As for the accuracy of the advice -- Microgaming Internet casinos do follow optimal video poker strategy. However I’ve played some machines at a racetrack in Delaware that advised the player on which cards to hold, and the advice was clearly incorrect.

Is the combined house edge in craps of 0.014% (taken from your chart) on don’t pass and laying 100x odds the lowest house edge of any casino game? And, does 0.014% casino edge mean that for every $100 you wager you will lose 1.4 cents?

Anonymous

There are still video poker games that with proper strategy pay over 100%. I’ve also seen a blackjack game at the Fiesta Rancho and Slots-a-Fun in Las Vegas that had a basic strategy advantage. As I argue in my sports betting section betting NFL underdogs at home against the point spread also has resulted in a historical advantage. So 100x odds in craps is still one of the best bets out there, but not the very best. Yes, 0.014% means that per $100 bet you lose 1.4 cents on average.

What is the probability that two players will have different four-of-a-kinds in Texas Hold’em?

Anonymous

Between two players there are 9 total cards. These must consist of two four of a kinds and one singleton. The number of combinations for this is combin(13,2)*44 = 3432. The total number of ways to pick 9 cards out of 52 is combin(52,9) = 3,679,075,400. So the probability you have the right cards, but not necessarily in the right order, is 3432/3,679,075,400 = 1 in 1,071,992.

However just because the cards are AAAABBBBC doesn’t mean both players will have different four of a kinds. The number of ways to arrange them into a 5-card hand and two 2-card hands is 9!/(5!*2!*2!) = 756. Following are the ways those 9 cards can fall.

Four of a Kind Bad Beat Combinations

36

Player 1

Player 2

Flop

Mirror Patterns

Combinations per Pattern

Total Combinations

AA

BB

AABBC

2

72

AA

AB

ABBBC

4

48

192

AA

AA

BBBBC

2

6

12

AA

AC

ABBBB

4

12

48

AA

BC

AABBB

4

24

96

AB

AB

AABBC

1

144

144

AB

AC

AABBB

4

48

192

Of these only the first and the fifth group result in both players having a different four of a kind. So the probability that an AAAABBBBC set of cards results in two different four of a kinds is 168/756 = 22.22%.
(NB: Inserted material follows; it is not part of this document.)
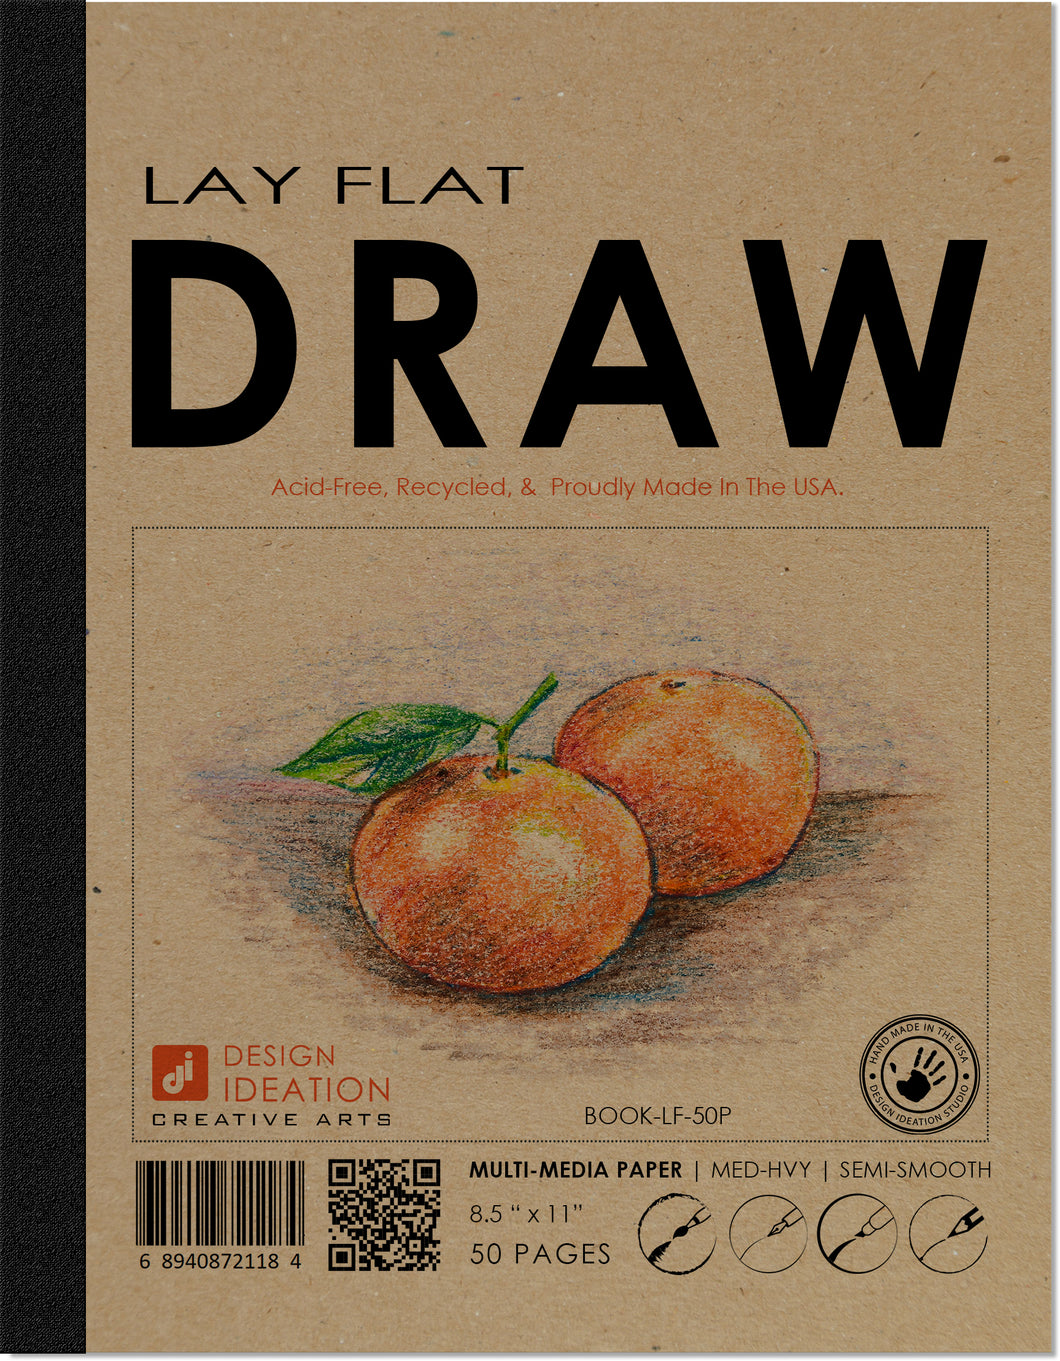 LAY FLAT sketchbook. Removable sheet, journal style DRAW book. Multi-media. (8.5
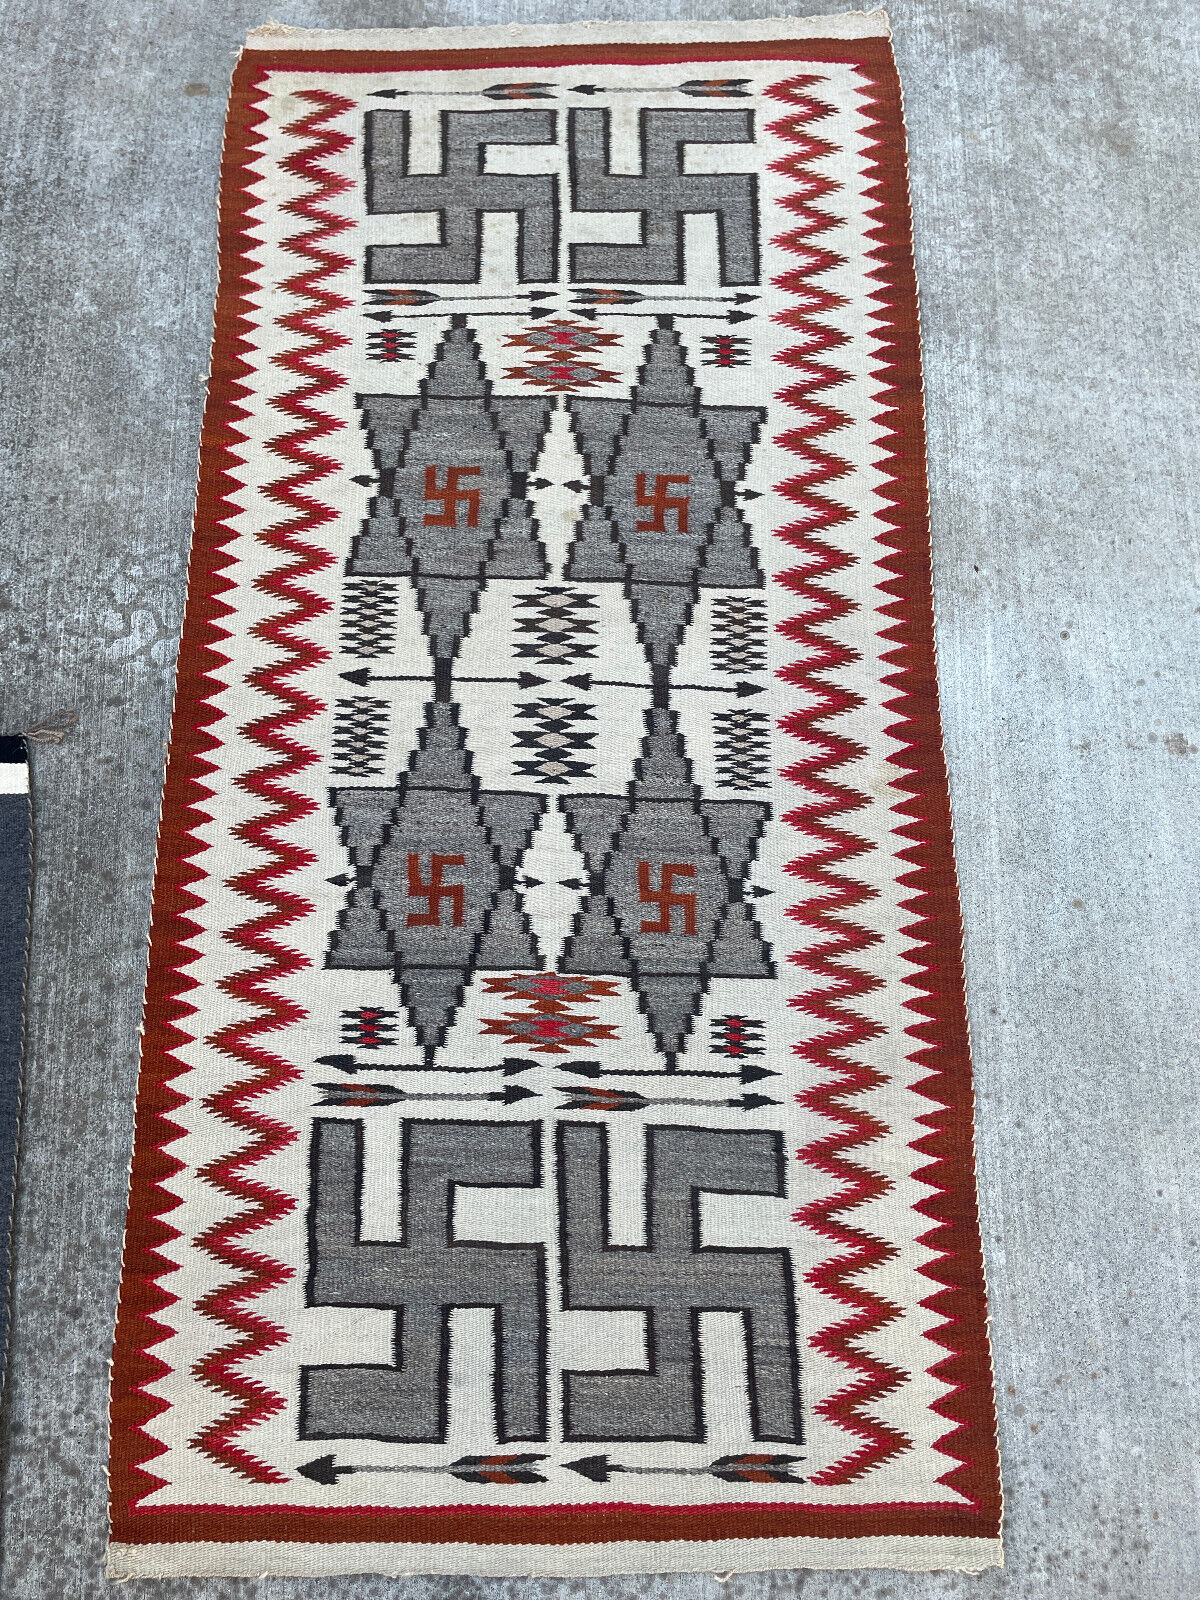 Antique Navajo Rug 1870-1930s Whirling Logs 6 pt Stars Arrows American Indian

So the answer to your question is (3432/3,679,075,400)*(168/756) = 1 in 4,823,963. On a more practical note Party Poker has a bad beat jackpot for a losing hand of four eights. Given that there are two four of a kinds the probability that both are eights or greater is combin(7,2)/combin(13,2) = 21/78 = 26.92%. So the probability that any one hand of two players will result in this bad beat jackpot is 1 in 17,917,577.

We have all been at blackjack tables where it appears the dealer cannot seem to lose. Assuming you cannot count cards and the dealer is winning 3, 4 or 5 hands in a row, is there any assumptions one can make about the count or is all just random? Do you get up and leave (and/or reduce your bet) and go to another table on the theory that the count is against you and that is why you are losing. Or, do you just assume that the past has no influence on the next hand and continue on. What would the Wizard do? I know hunches have nothing to do with it but, particularly in Blackjack, are there any mathematical conclusions one can draw about the future from the fact that the dealer has been winning (or losing for that matter) for what seems like an inordinate amount of time.

Anonymous

Actually, if the dealer has been winning it is slightly likely that it is because lots of small cards have come out, which would mean the deck is rich in large cards, in which case the odds would actually bend in your favor the next hand. But this is a very slight effect and nothing you should be trusting in. I think in these situations you have just been having bad luck and switching tables will not help. Lest some perfectionist correct me I will say that between shuffles blackjack hands do have a slightly negative correlation. If you had asked about roulette or craps I would say the past makes no difference at all. It would also say that about blackjack if a continuous shuffler were used. However I can’t absolutely say blackjack hands are independent for the reason I just explained.